Leaving out the images, reproduce every line of the data that follows exactly.

• **RECORDED INFORMATION**:
..............................

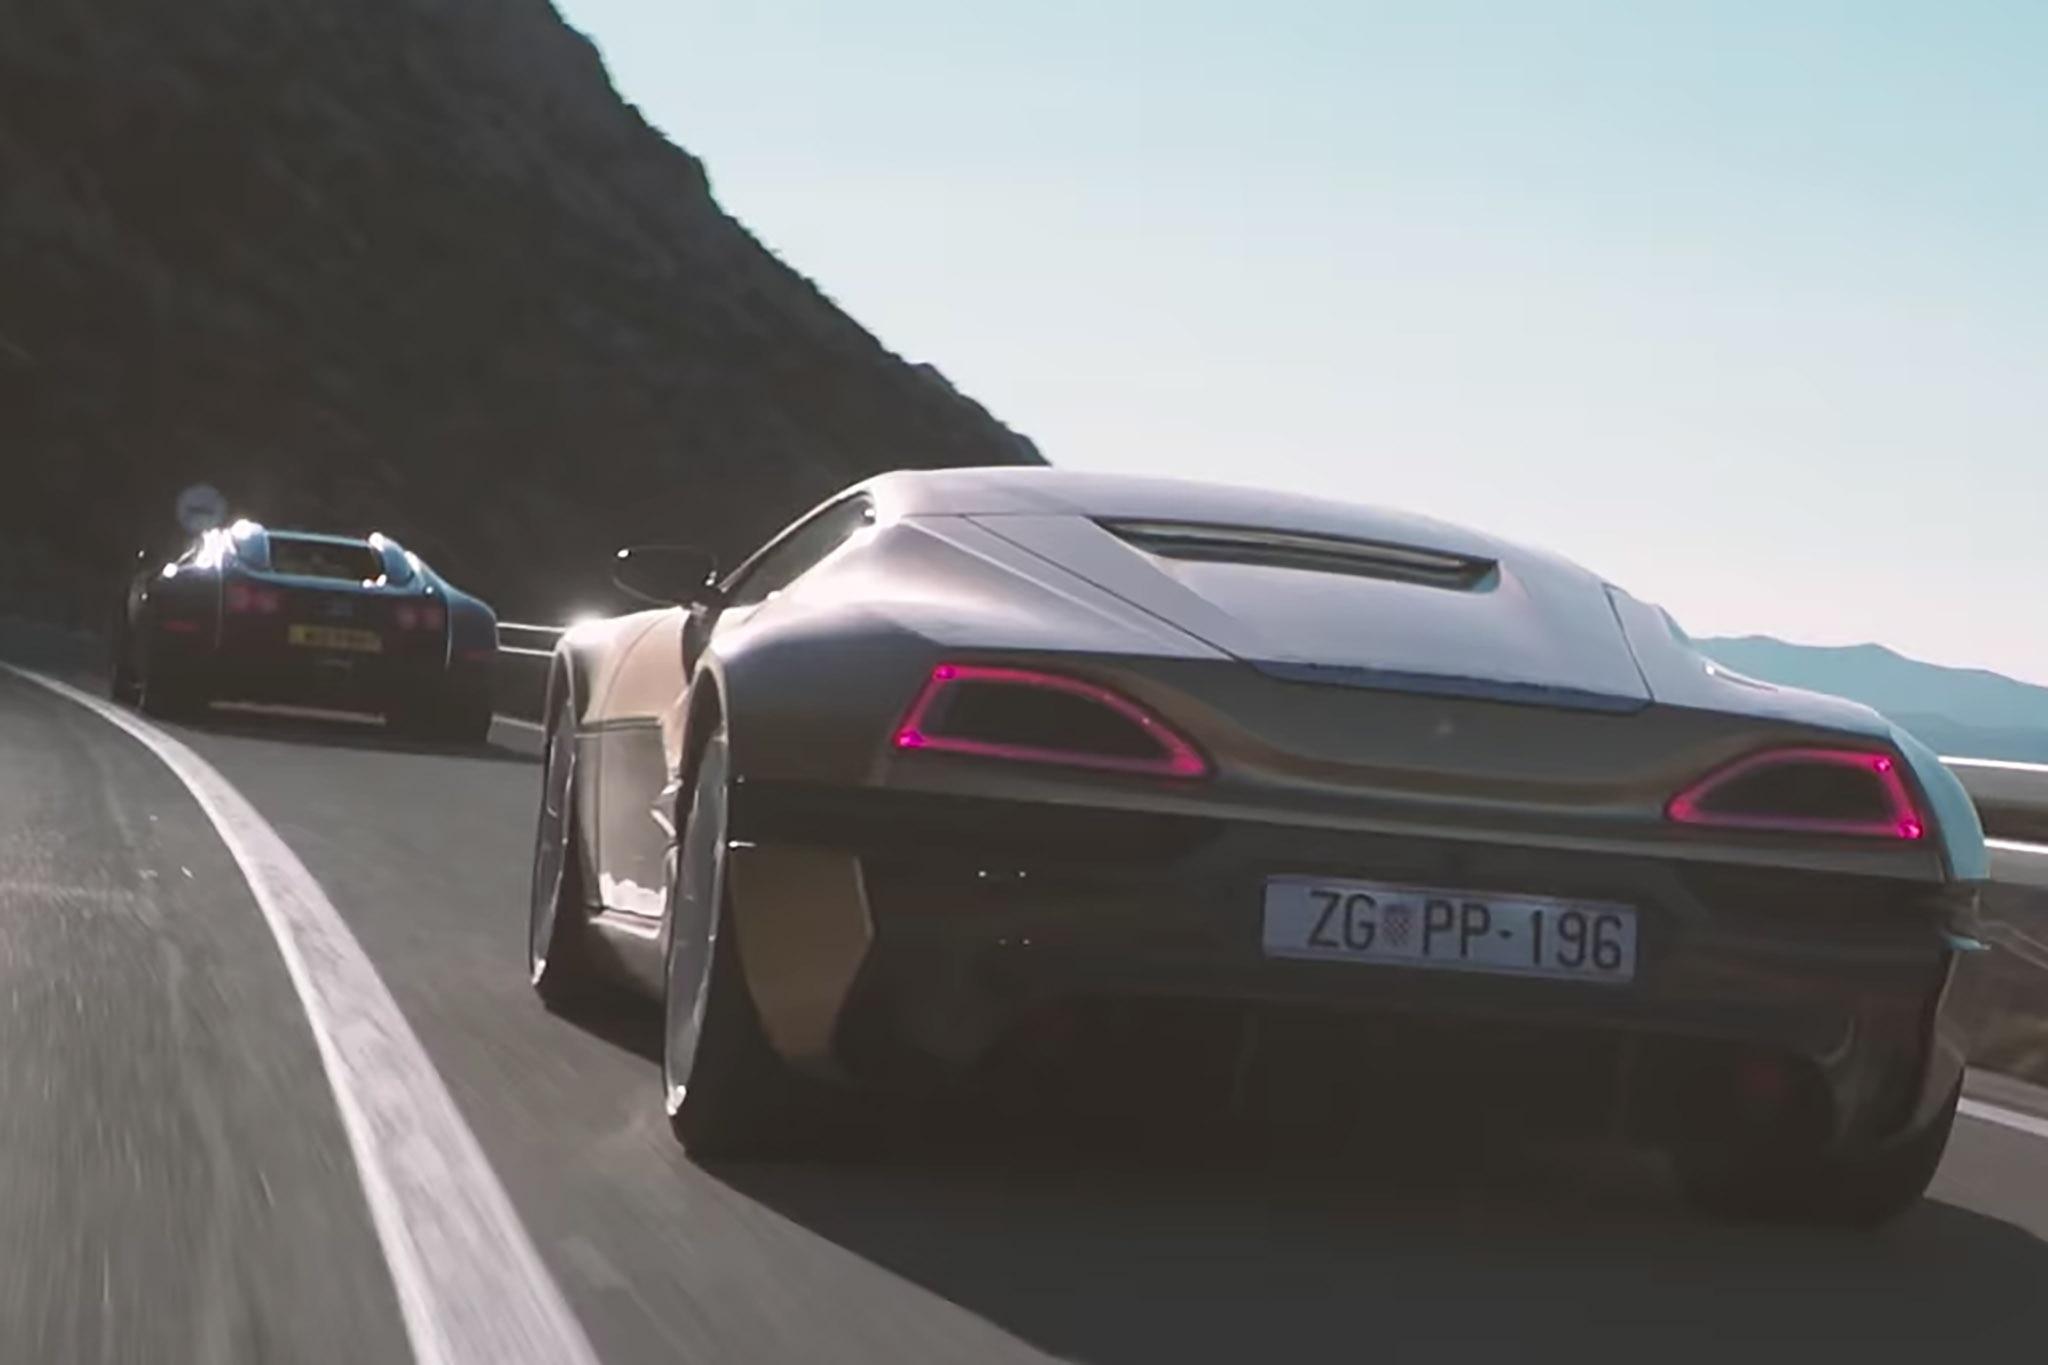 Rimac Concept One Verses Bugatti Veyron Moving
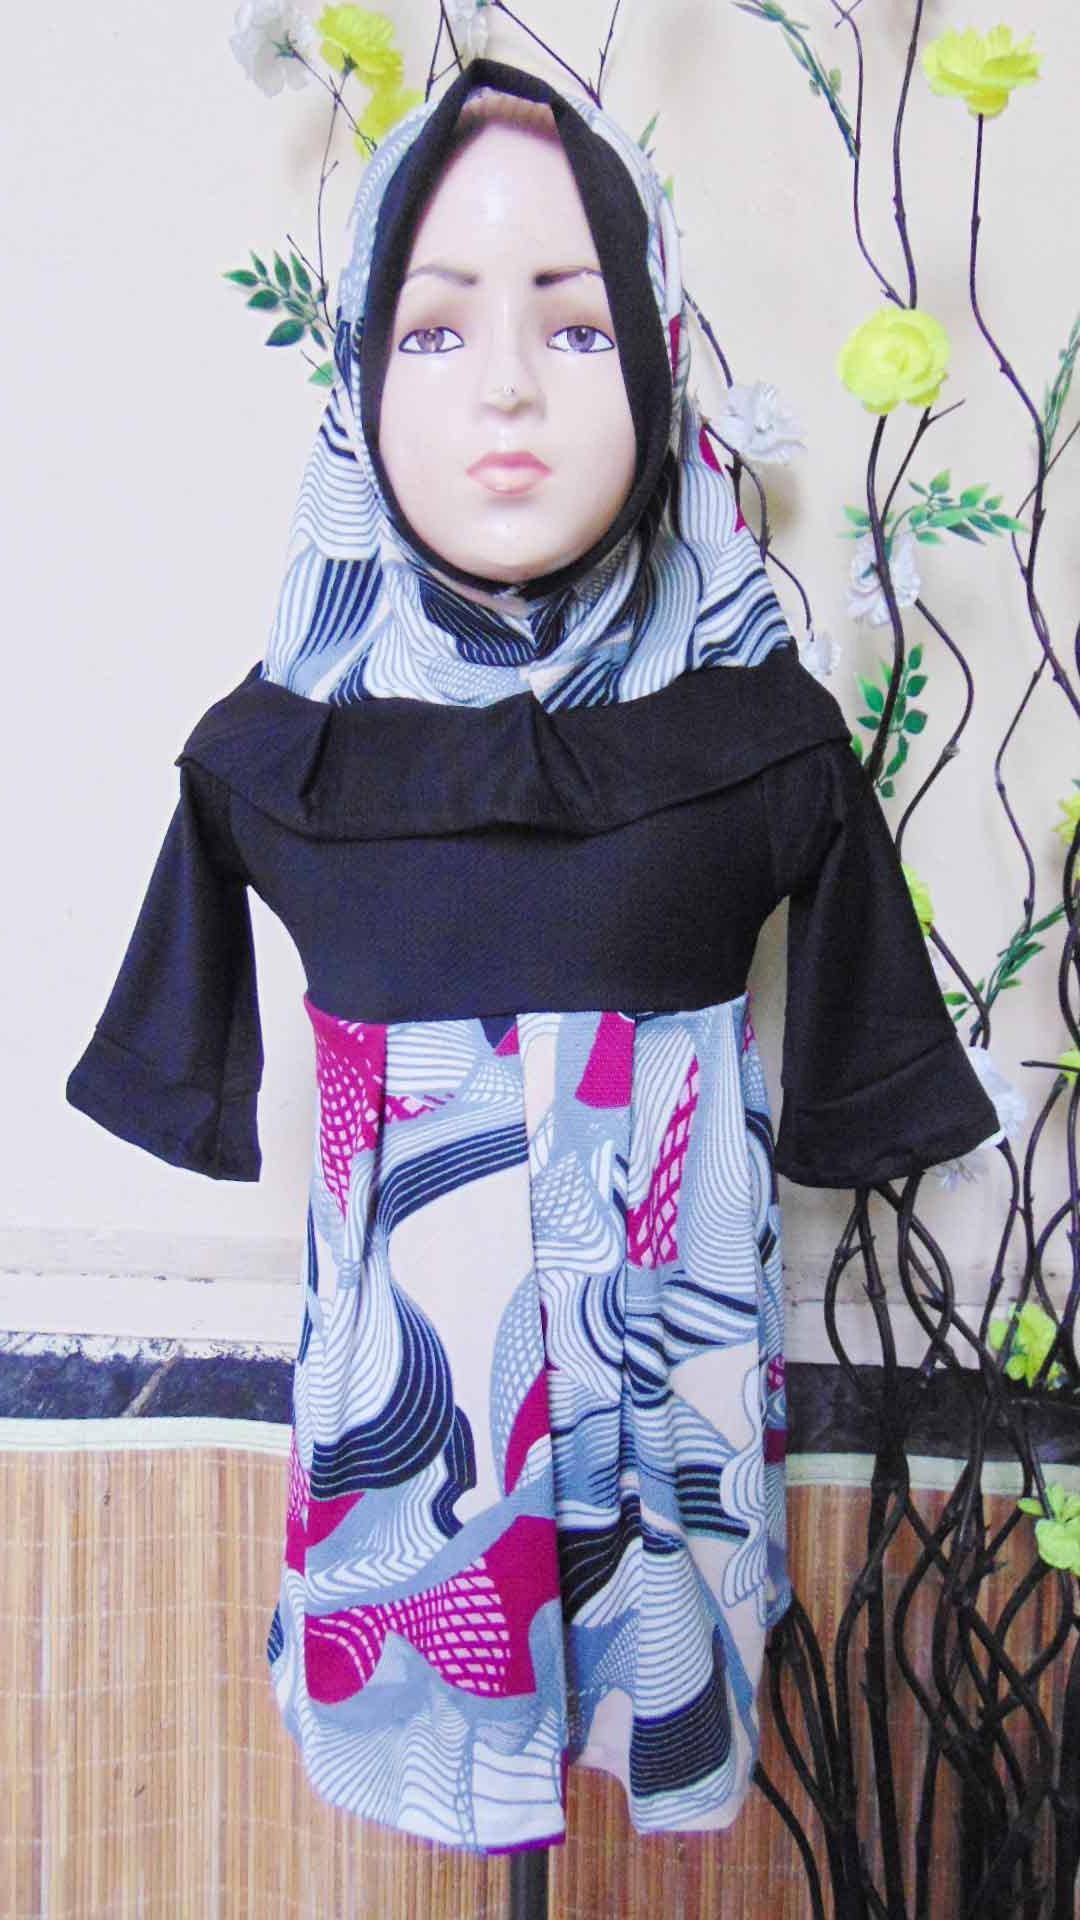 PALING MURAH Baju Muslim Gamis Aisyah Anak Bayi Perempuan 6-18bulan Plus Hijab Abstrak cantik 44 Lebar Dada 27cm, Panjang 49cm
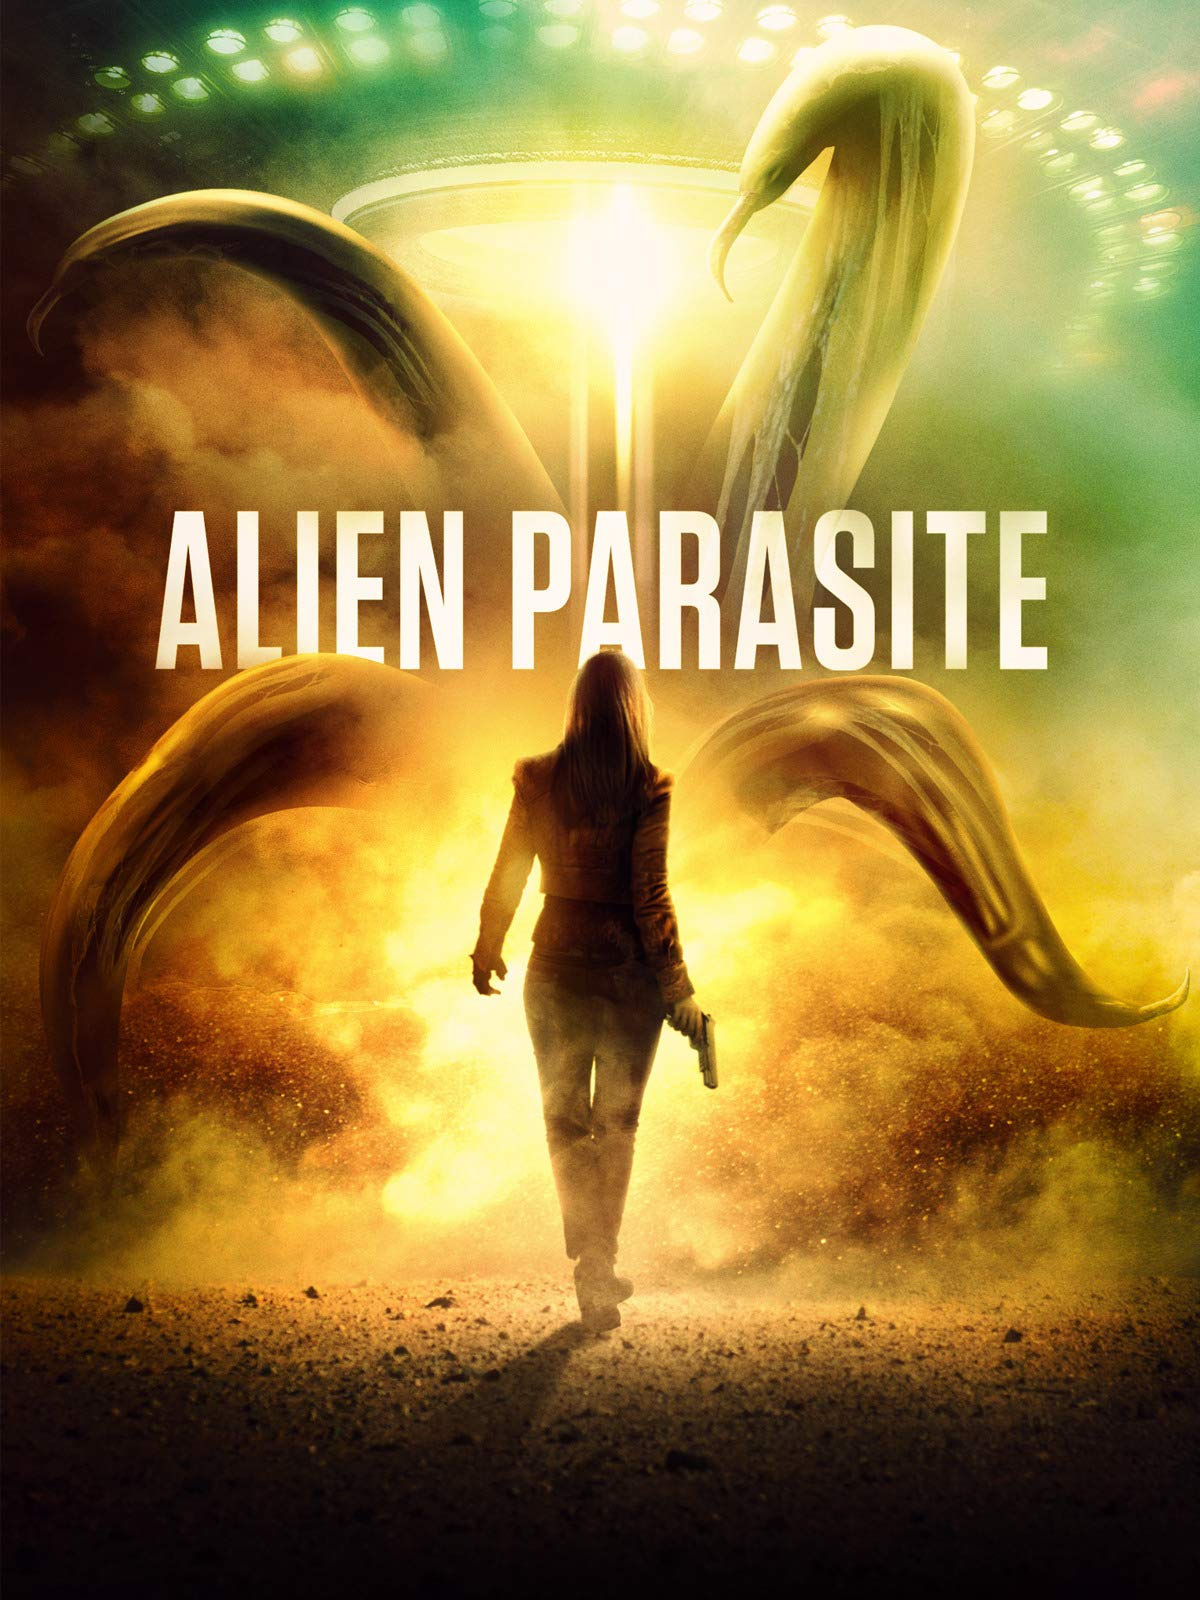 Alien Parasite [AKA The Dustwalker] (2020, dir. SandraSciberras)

..............................

• **WRITTEN RESPONSE**:
 Rimac Concept One Verses Bugatti Veyron Moving
 PALING MURAH Baju Muslim Gamis Aisyah Anak Bayi Perempuan 6-18bulan Plus Hijab Abstrak cantik 44 Lebar Dada 27cm, Panjang 49cm
 Alien Parasite [AKA The Dustwalker] (2020, dir. SandraSciberras)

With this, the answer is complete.